The law that was signed in Arizona is not called a profiling bill, but it does in fact give suspicious officers the right to profile. When you allow suspicious cops to profile, you allow racist cops to harass the Hispanic community, in the name of suspicion. In the case of a bias officer—the law allows them to intimidate and threaten legal residents who may have left their manumission papers home that day. This law will cause division between officers who harass and officers who simply use this law as an additional tool in which they combat illegal immigration. The Hispanic population will not see the inside division between officers who agree with this law and those who opposed it. The officers will be group together as the enemy of the Hispanic population. Tensions in these communities will become strained as more and more acts of violence against legal and illegal Hispanics are taken by officers. The evidence of giving officers more power to infringe on peoples lives has been shown to produce a disadvantage to the people, and not a deterrent for crime. Arizona is part of a larger strategy that is taking place in the country—one that is more political than a matter of border security. This is purity testing for the GOP and this is what the future with them in power looks like.

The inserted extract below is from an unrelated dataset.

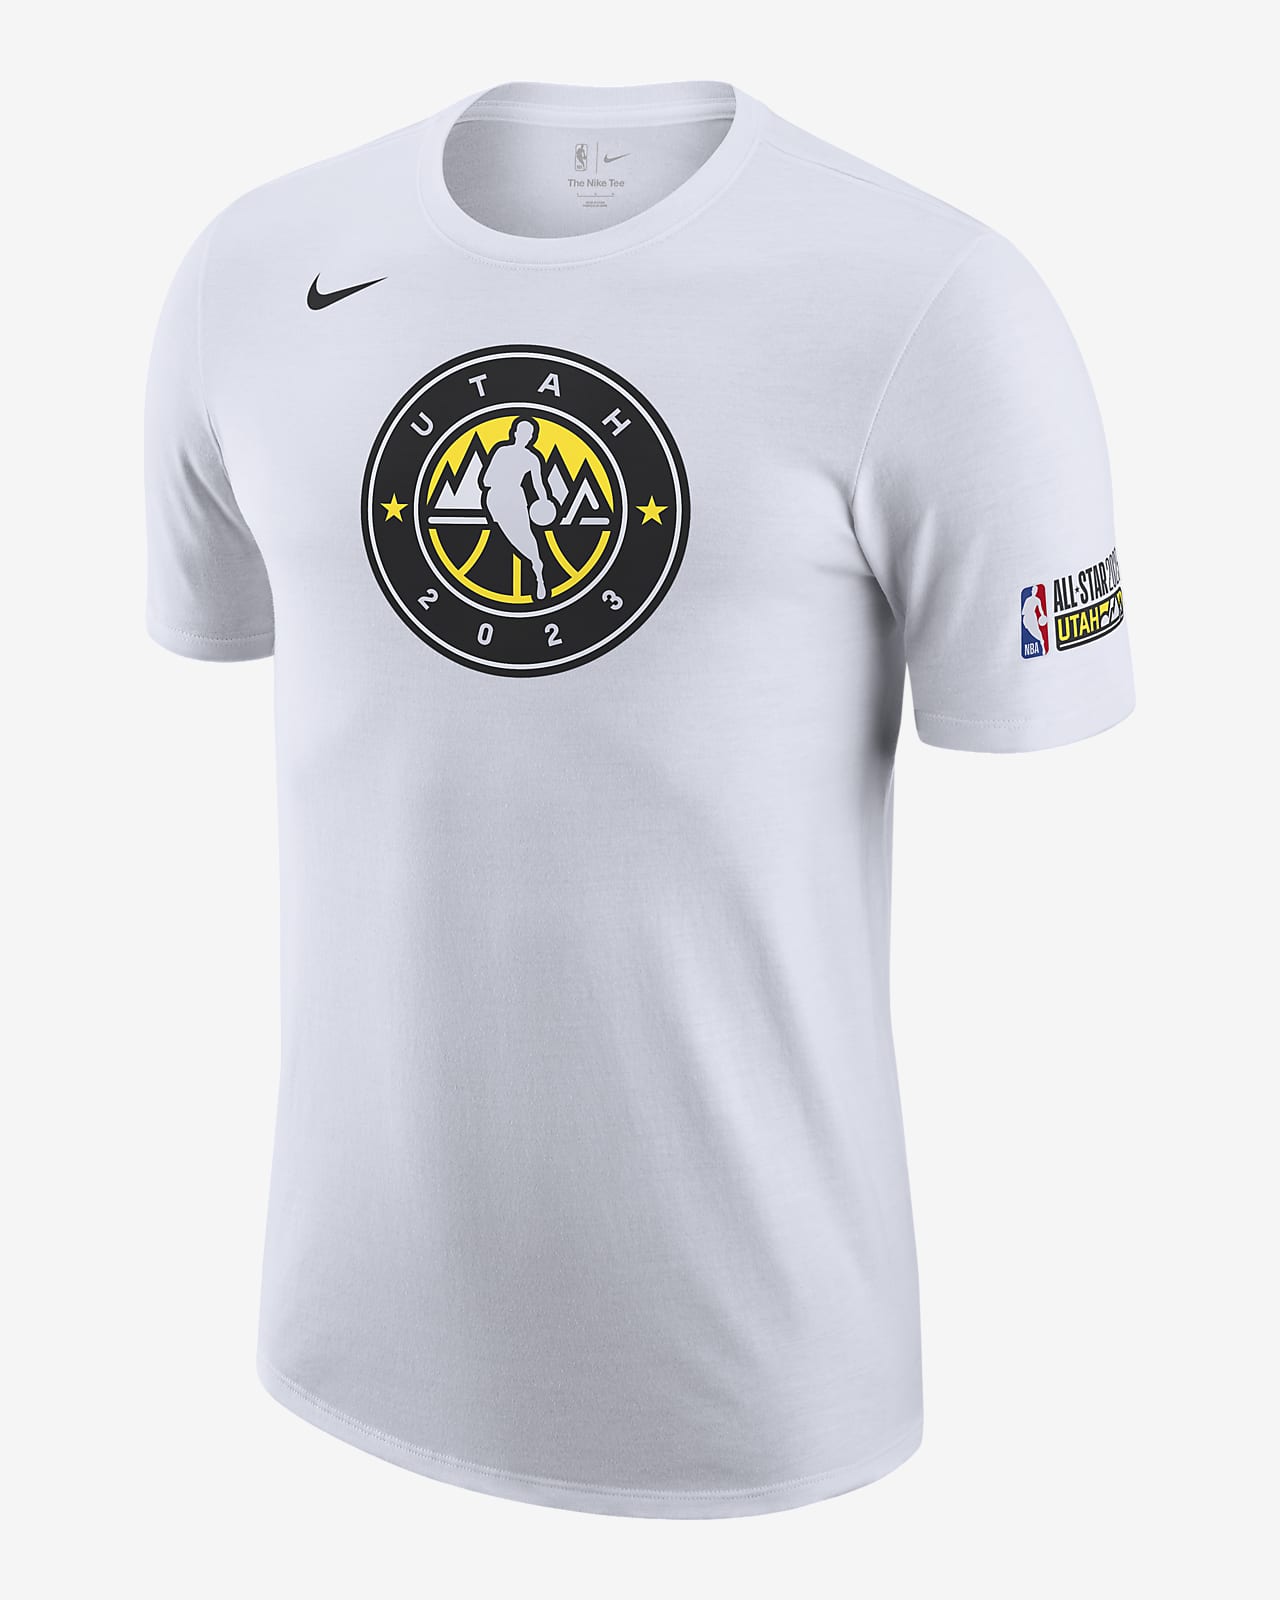 All-Star Essential Men's Nike NBA T-Shirt

The wing nuts in the Republican Party are affecting the way the party, as a whole, approaches legislation. Arizona is a prime example of a right wing talking point becoming an engineered law that targets Hispanics. The neo-cons have not been pushing immigration reform, but immigration extinction. A balanced government and rational thinking have prevented them from producing legislation like this in the past. But, that is over. The purge is on, and rational minds will not prevail in the political landscape we find America in. This country is at a crossroads of how to deal with this very sensitive issue; but profiling should not be part of any debate. Both parties have failed to do anything federally about immigration because they are the fastest growing demographic in America. The hands off approach by democrats have forced the hand of the radical Republican Party to be played.
No longer can either party sit back and count votes as long as this issue is unresolved. We must pass direct action reform as it relates to the problems of border security, amnesty, and most importantly corporate exploitation. We also cannot allow any law that dehumanizes man—as we have seen that slippery slope in this country before. The constitution must be at the forefront of our decision making and legislative process. Hispanics have a great deal to offer this country and those traits should be highlighted, not divorced as inferior. We must also keep the majority in mind when talking about immigration reform. Most of the population that are undocumented are workers with families that are looking for a better life in America. It almost seems reminiscent of an earlier culture of Americans—who sought prosperity and an escape from tyranny and oppression abroad. We should give those who are looking for that same security and embrace of freedom a chance to find it here, in America. Equality and justice must be part of the solution to immigration reform—lest another president should have to apologize for yet another American mistake.